_INFORMATION PROVIDED_
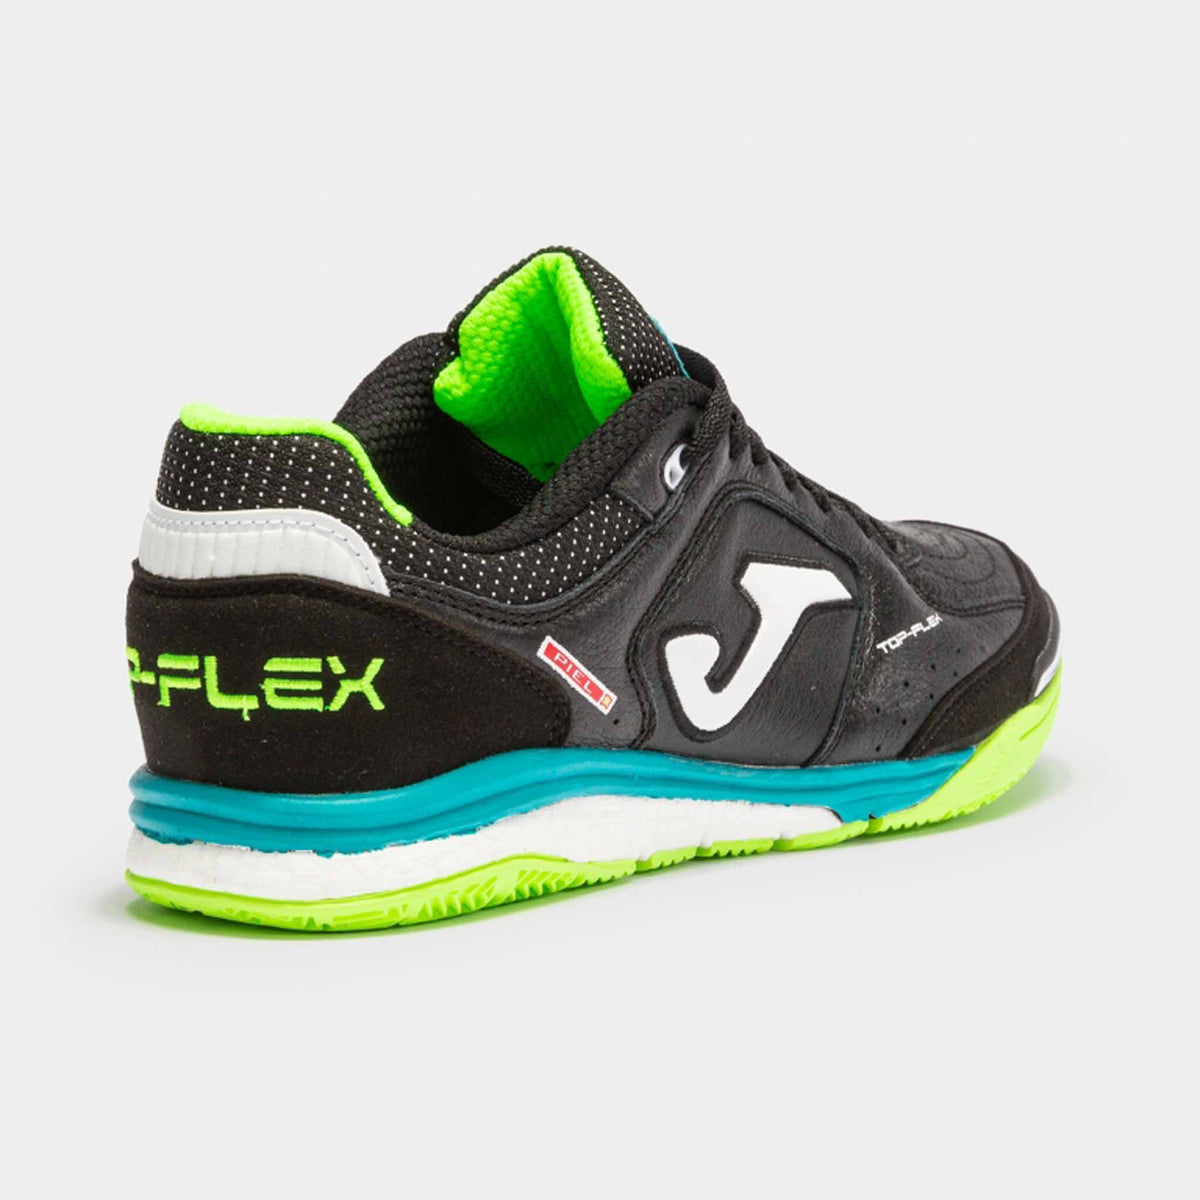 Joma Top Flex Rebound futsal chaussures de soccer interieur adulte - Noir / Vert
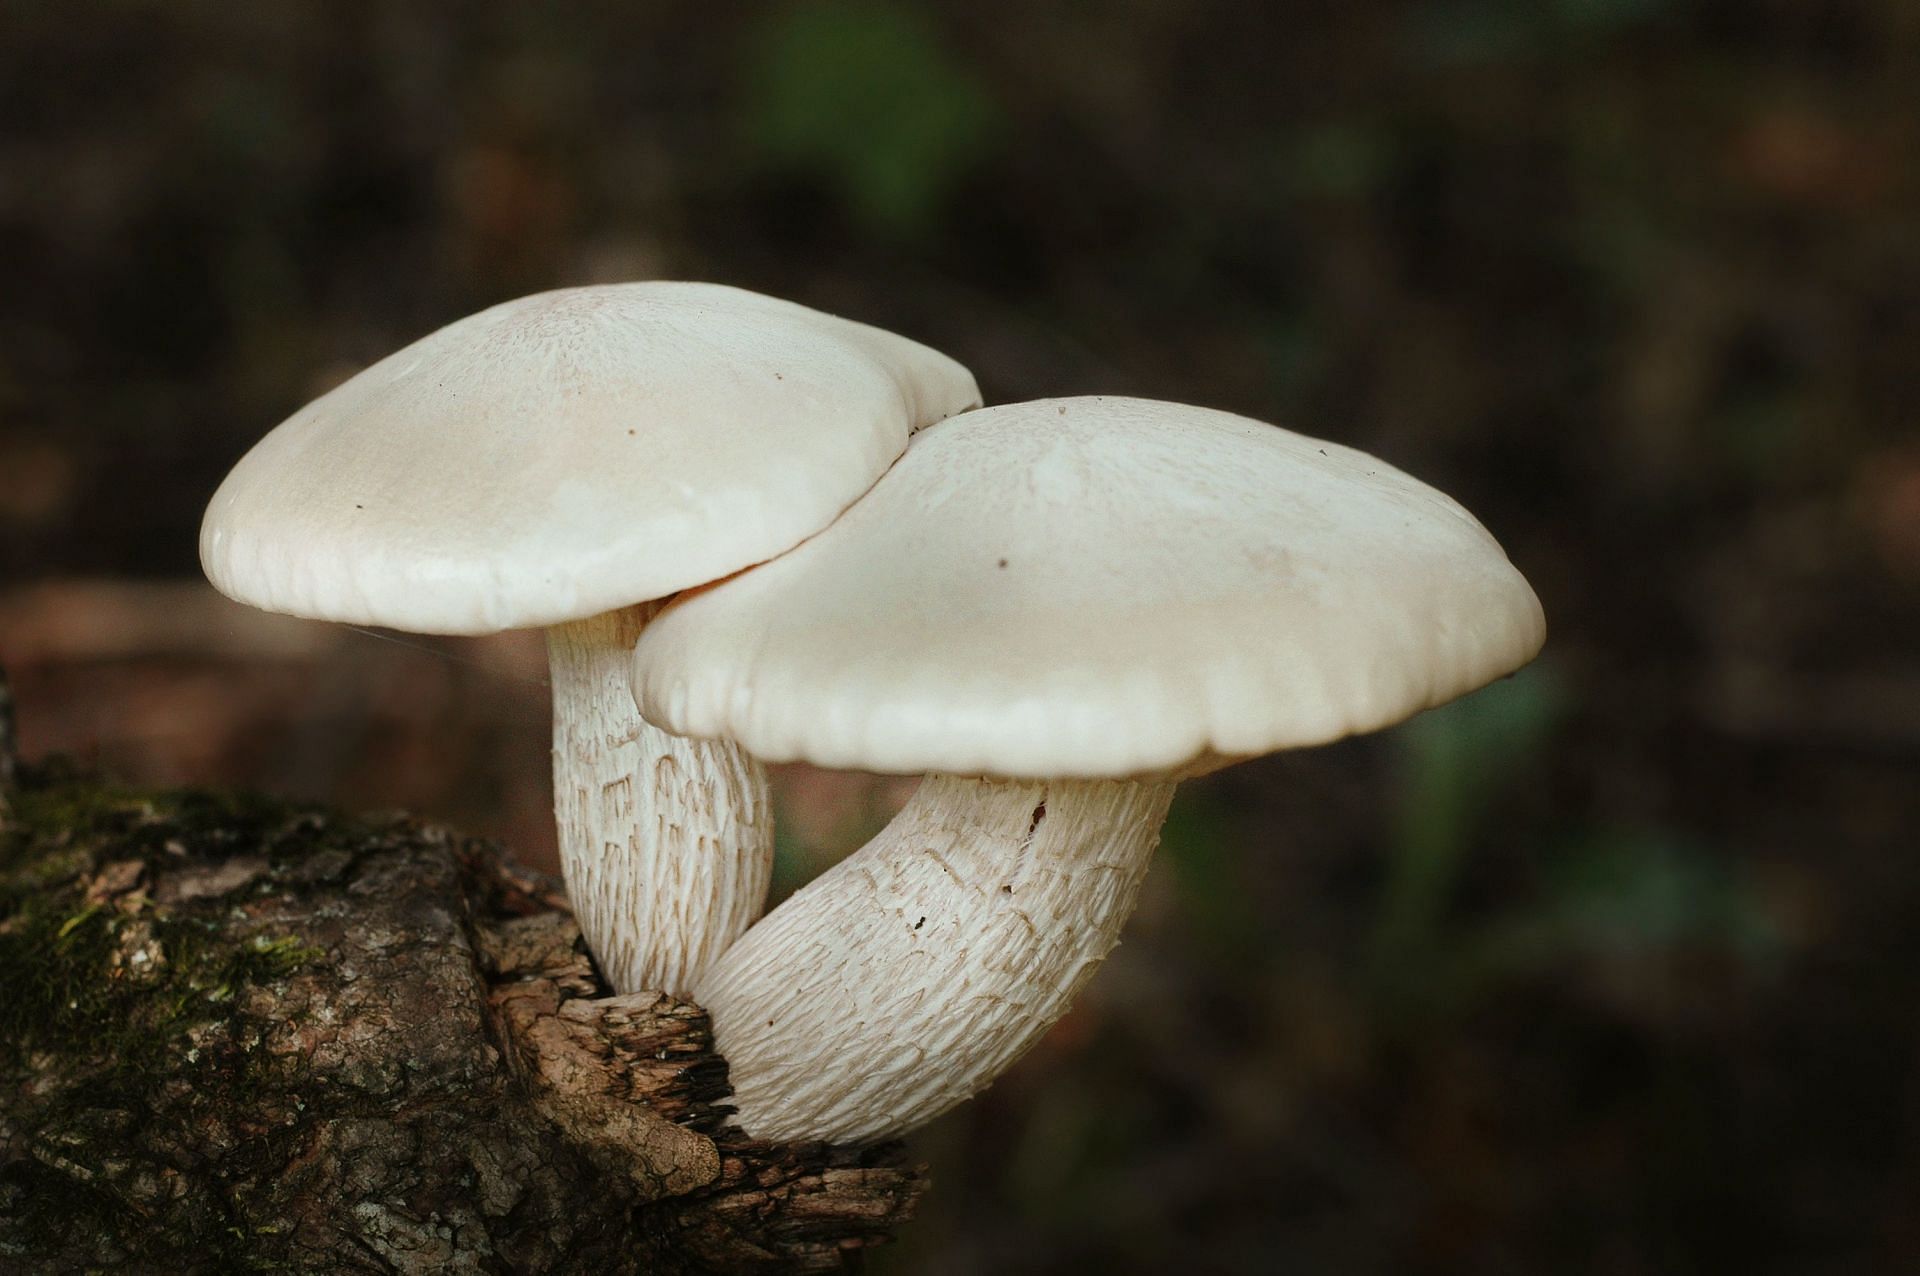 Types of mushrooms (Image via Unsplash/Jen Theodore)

==

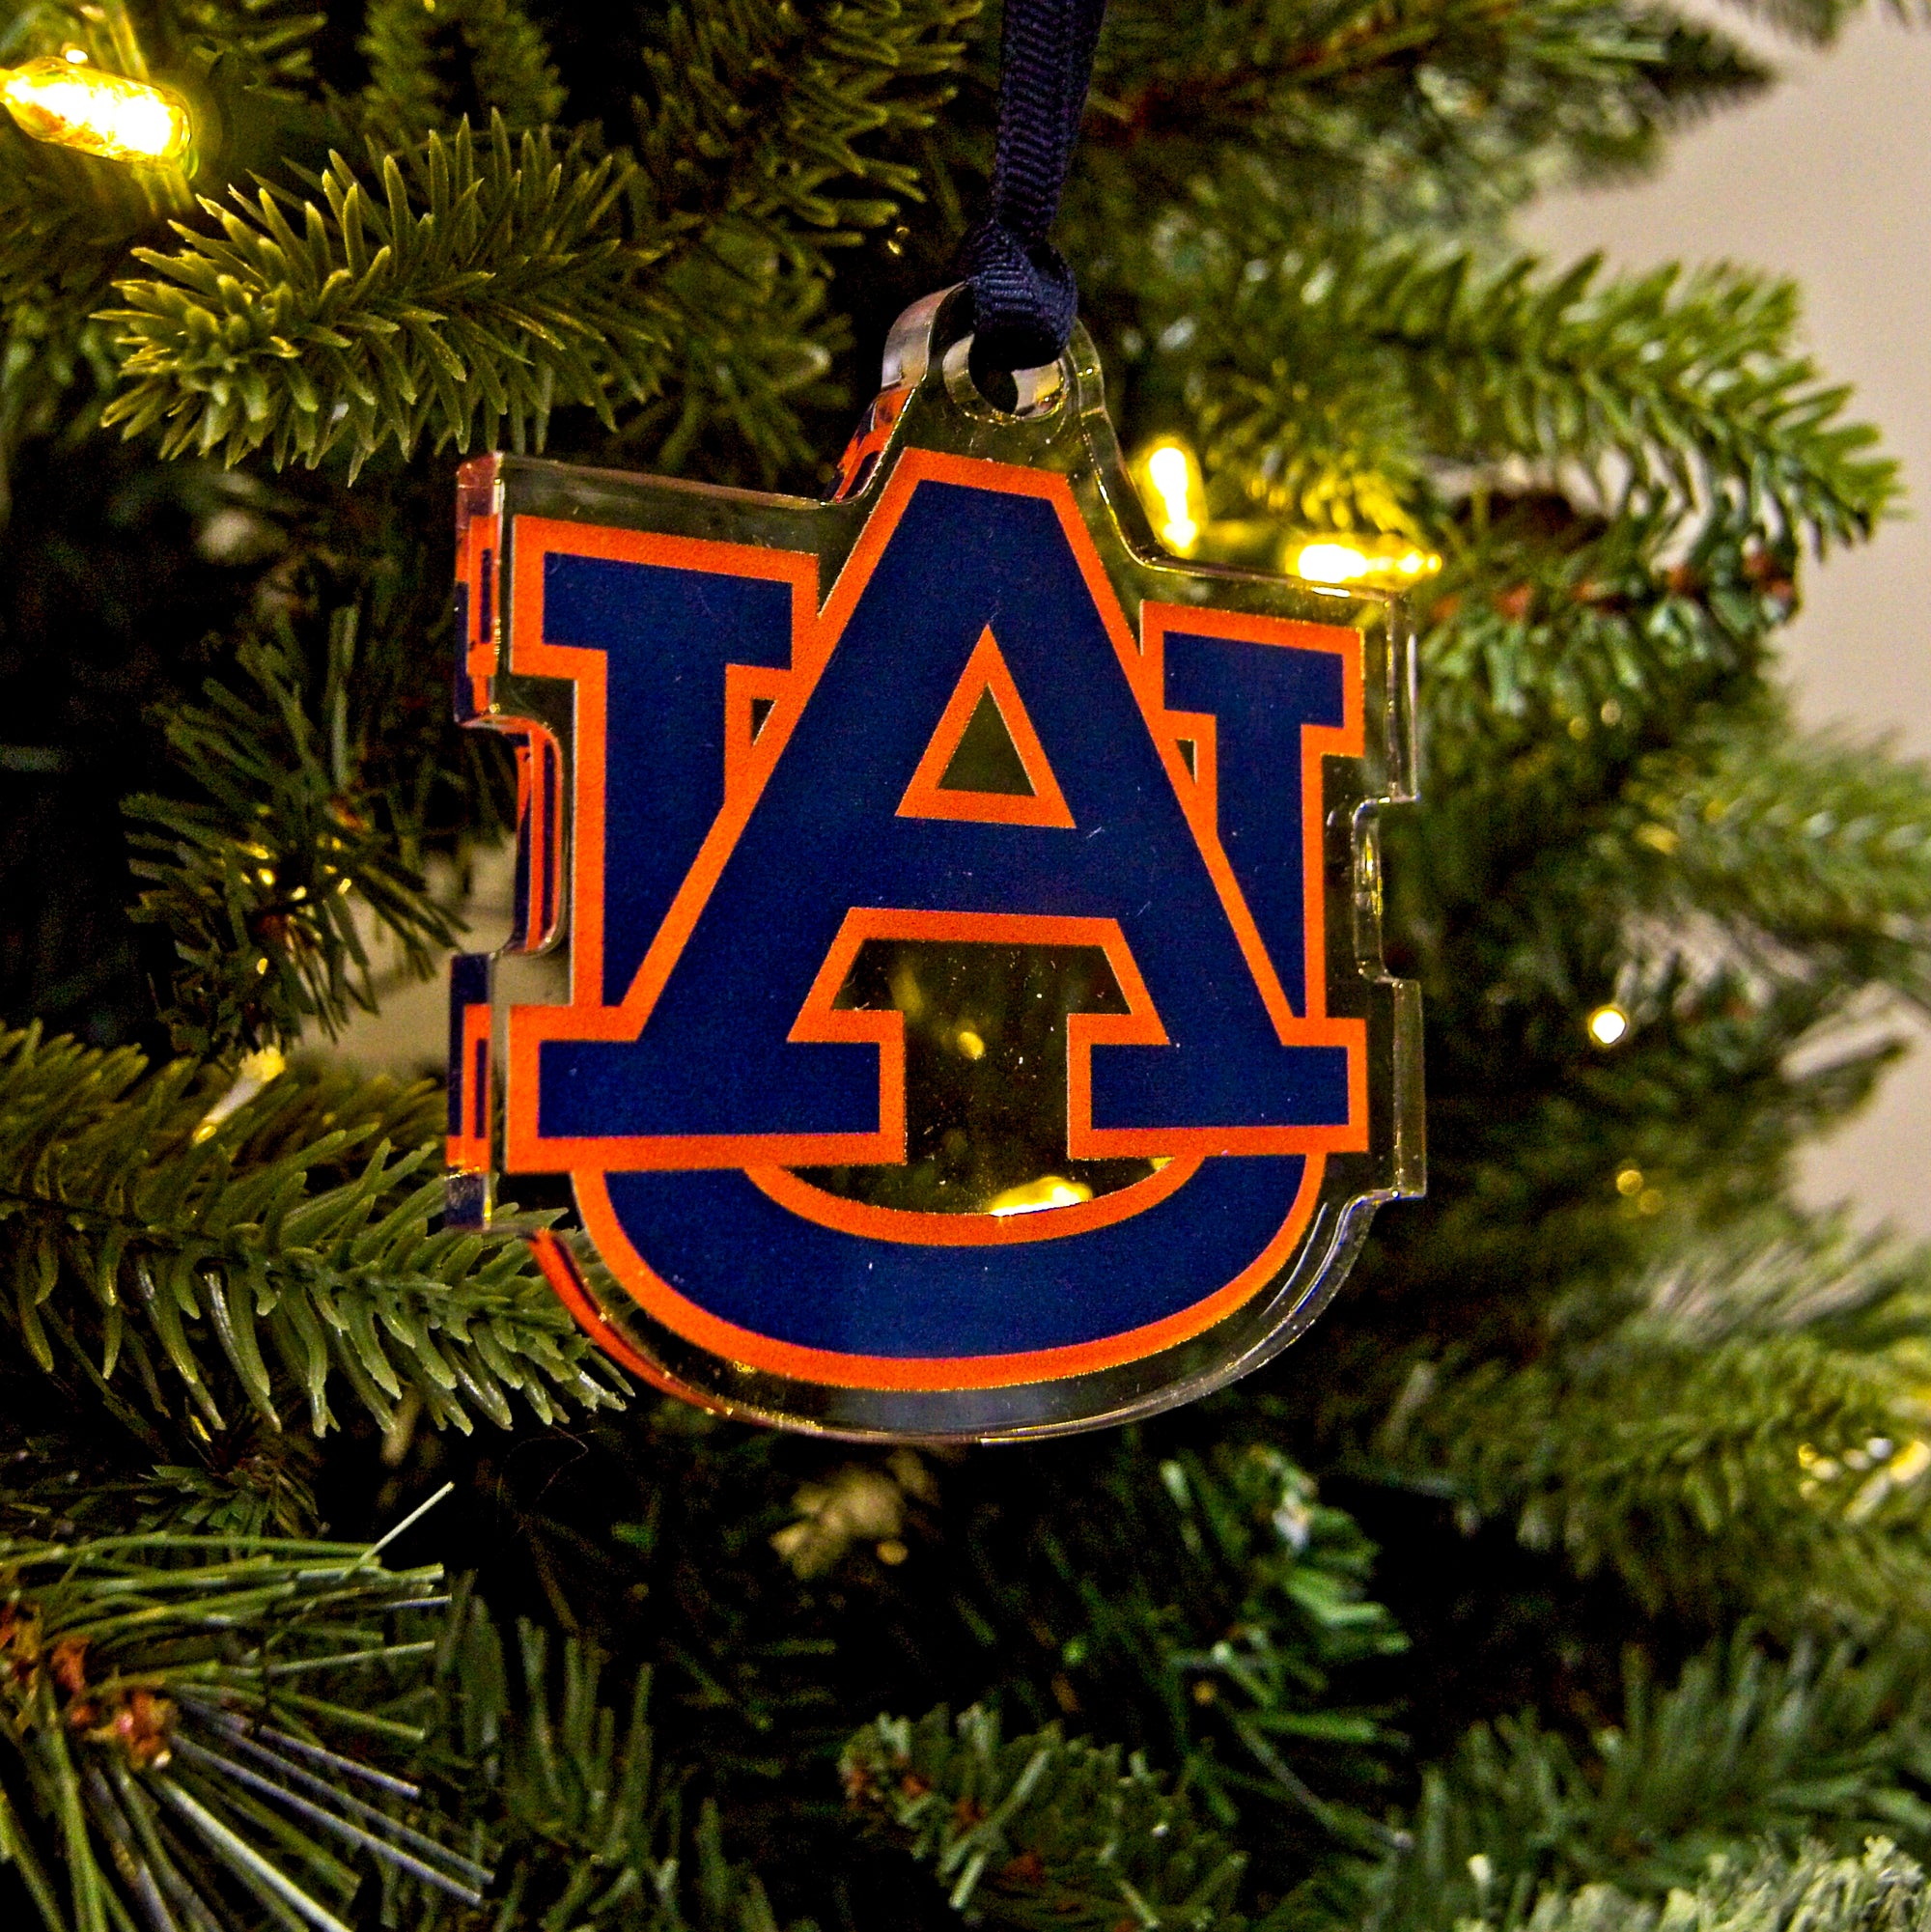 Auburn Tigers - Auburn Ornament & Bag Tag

==

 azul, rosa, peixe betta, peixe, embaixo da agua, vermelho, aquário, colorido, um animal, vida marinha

_ASSIGNMENT_
Using the data above, give again exactly the lines starting at the one holding "Joma Top Flex" and ending at the one holding "Types of mushrooms", inclusive, and nothing more. Omit the pictures.

_PROBLEM SOLUTION_
 Joma Top Flex Rebound futsal chaussures de soccer interieur adulte - Noir / Vert
 Types of mushrooms (Image via Unsplash/Jen Theodore)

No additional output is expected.